2. Hector Elizondo, whom Marshall considers his "good luck" charm, co-stars.
3. Floral explosions erupt on the screen (although none tops the one in Marshall's 1991 "Frankie and Johnny").
4. Marshall makes a Hitchcockian cameo as one of three string musicians.
5. "Valentine's Day" is a mishmash of cutesy poo-ness, boring Hollywood clichés, semi-warm fuzzies, ham-handed song choices and a lot of squandered talent.
Sure, a few of the intertwined subplots are a hoot.
Singer Taylor Swift is the biggest surprise as a shallow, valley high school girl in love with a biceps-obsessed jock.
Anne Hathaway's comic turn as a telephone sex entertainer is bold and brassy without going over the TV sitcom threshold. A wronged woman (Jennifer Garner) serves a chilly dish of revenge to her secretly married surgeon lover (Patrick Dempsey). Call him Dr. McSchemey.
Other subplots?
A bi-racial relationship between a TV sportscaster (Jamie Foxx) and a sports media consultant (a whiny Jessica Biel) feels false and forced, even more so than the other quickset romances.

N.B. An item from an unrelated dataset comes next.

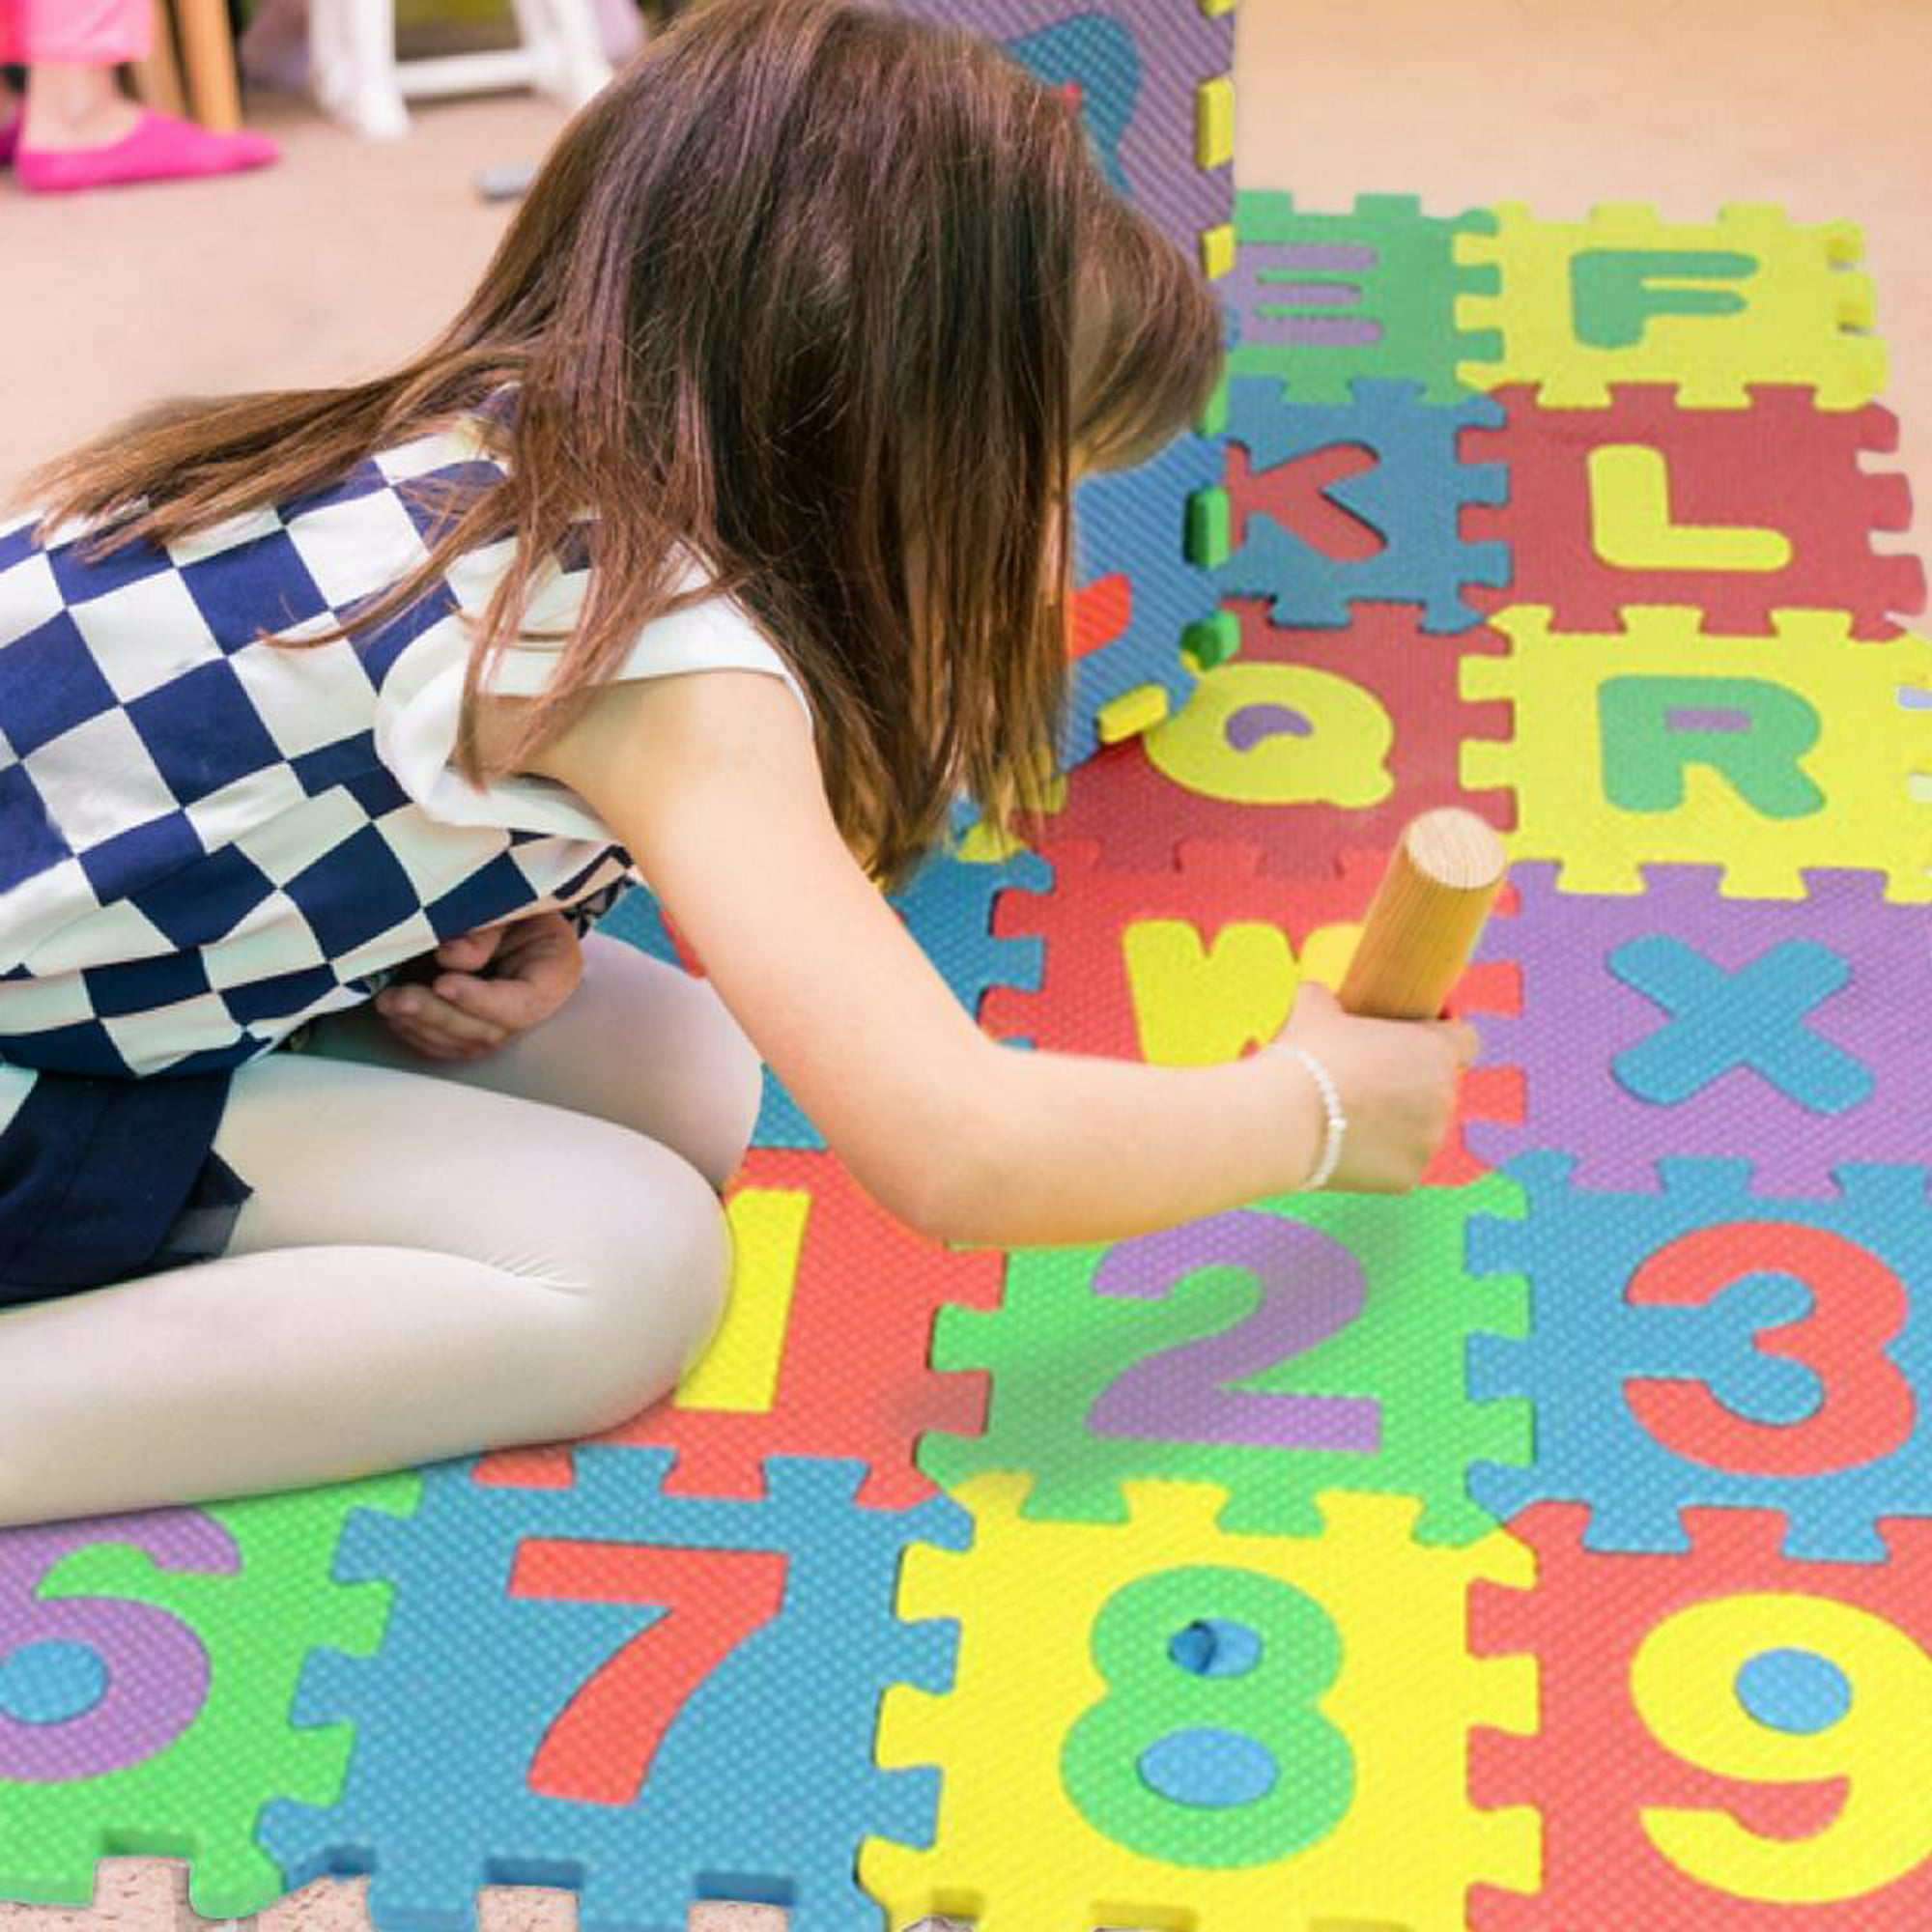 Alfombra de Gateo de Espuma , Mejore el Interés de su Bebé en A Números e  Inglés, a los los Colores Zulema Puzzle Play Foam para niños

Most of them pale to the AARP-friendly story of senior citizens Edgar (Elizondo) and Estelle (Shirley MacLaine), whose jeopardized marriage gets magically fixed during one of those fake Hollywood reunions where everyone around them breaks into celebratory applause, as if they've all watched the movie along with us, and know their story.
Katherine Fugate's functional and flat screenplay avoids clever plot inventions or crisp dialogue. It's as if Fugate ran out of creative steam once she figured out how to weave so many characters and stories into a script.
The result is a comedy comprised of superficial sketches that interlink, then come together in a quasi-climax of dance and music resembling the end credits to "Slumdog Millionaire."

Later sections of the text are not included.